Sur la base des 4 critères de la méthodologie de la lexicographie professionnelle que nous venons de rappeler, notre évaluation des dictionnaires élaborés par Albert Valdman et par le lexicographe haïtien André Vilaire Chery permet d’exposer que ces ouvrages constituent LE MODÈLE NORMATIF STANDARD dont doit s’inspirer toute la lexicographie haïtienne contemporaine (voir nos articles « Le « Dictionnaire de l’écolier haïtien », un modèle de rigueur pour la lexicographie en Haïti » (Le National, 3 septembre 2022), et « Toute la lexicographie haïtienne doit être arrimée au socle méthodologique de la lexicographie professionnelle » (Le National, 29 décembre 2022) ; « Lexicographie créole : revisiter le « Haitian Creole-English Bilingual Dictionnary » d’Albert Valdman » (Le National, 30 janvier 2023),

L’œuvre d’André Vilaire Chery, un modèle de rigueur lexicographique 

En quoi les termes scientifiques et techniques français issus des travaux terminologiques de la Commission d’enrichissement de la langue française et de la Commission générale de terminologie et de néologie peuvent-ils être utiles à la lexicographie créole, aux traducteurs français-créole, aux journalistes et aux rédacteurs de manuels scolaires en langue créole ? Formulée au début du présent article, cette question a fait l’objet d’une réponse qui offre un éclairage sur plusieurs points, notamment par le rappel des ouvrages lexicographiques haïtiens élaborés en conformité avec la méthodologie de la lexicographie professionnelle (tableau 1) et par le rappel des critères de base de la méthodologie de la lexicographie professionnelle.

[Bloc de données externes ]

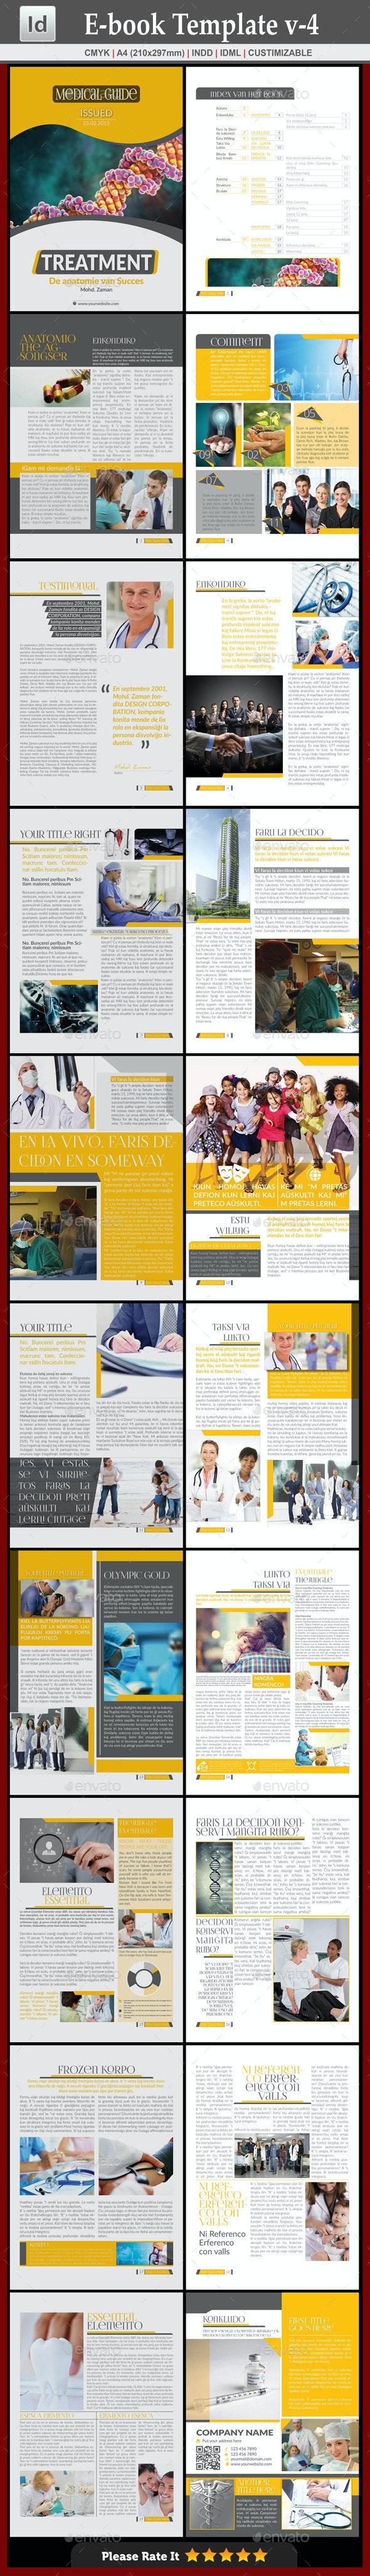 E-Book Template v-4 - Digital Books ePublishing

Des éléments complémentaires de réponse à cette question majeure sont également attestés à l’aune des apports scientifiques du lexicographe André Vilaire Chery et nous verrons combien sa démarche lexicographique, au plan méthodologique, est identique à celle de la Commission d’enrichissement de la langue française qui a élaboré « Les mots de l’information / 60 termes clés – 2023 ».

Décédé le 26 juillet 2022, André Vilaire Chery a enseigné à la Faculté de linguistique appliquée et à l’École normale supérieure de l’Université d’État d’Haïti. Il a été responsable de l’adaptation pour Haïti du « Dictionnaire Hachette juniors » paru à Port-au-Prince sous l’appellation de « Dictionnaire de l’écolier haïtien » chez Hachette-Deschamps en 1996. Cet ouvrage comprenant 15 000 entrées fut élaboré par l’équipe d’André Vilaire Chery en étroite collaboration avec celle dirigée par le linguiste Pierre Vernet à la Faculté de linguistique appliquée. Durant son parcours de lexicographe, André Vilaire Chery a contribué à l’élaboration du « Dictionnaire universel francophone » édité par Hachette ÉDICEF/AUPELF-UREF en 1997. Le « Dictionnaire universel francophone » a été intégré au monumental « Dictionnaire des francophones », le DDF, accessible gratuitement sur Internet. Cet ouvrage numérique et collaboratif lancé en 2021 comprend aujourd’hui près de 480 000 mots et locutions et 620 000 définitions qui reflètent les divers usages du français à travers le monde (voir notre article « Le DDF, « Dictionnaire des francophones », un monumental répertoire lexicographique de 400 000 termes et expressions accessible gratuitement sur Internet », Médiapart, 22 mars 2021). Plusieurs termes du français haïtien sont répertoriés dans le « Dictionnaire des francophones » : « acra », « cassave », « rigoise », « malandrin », « zenglendo », « macoute »…

André Vilaire Chery est également l’auteur du rigoureux « Dictionnaire de l’évolution du vocabulaire français en Haïti » (tomes 1 et 2, Éditions Édutex, 2000 et 2002). Cet ouvrage est paru avec le concours du Bureau caraïbe de l’AUF, l’Agence universitaire de la Francophonie, ainsi que de celui de la FOKAL. Dans Le National du 29 juillet 2022, nous avons exposé les grandes qualités méthodologiques de ce dictionnaire sous le titre « Le « Dictionnaire de l’évolution du vocabulaire français en Haïti » d’André Vilaire Chéry, un riche héritage ».

Intellectuel érudit, essayiste au regard affûté, André Vilaire Chéry a aussi publié « Le chien comme métaphore en Haïti – Analyse d’un corpus de proverbes et de textes littéraires haïtiens » (Éditions ETHNOS, 2004), et de « Haïti, que faire ? – Une allégorie pour notre temps (essai-fiction) » (Éditions ETHNOS, 2013). 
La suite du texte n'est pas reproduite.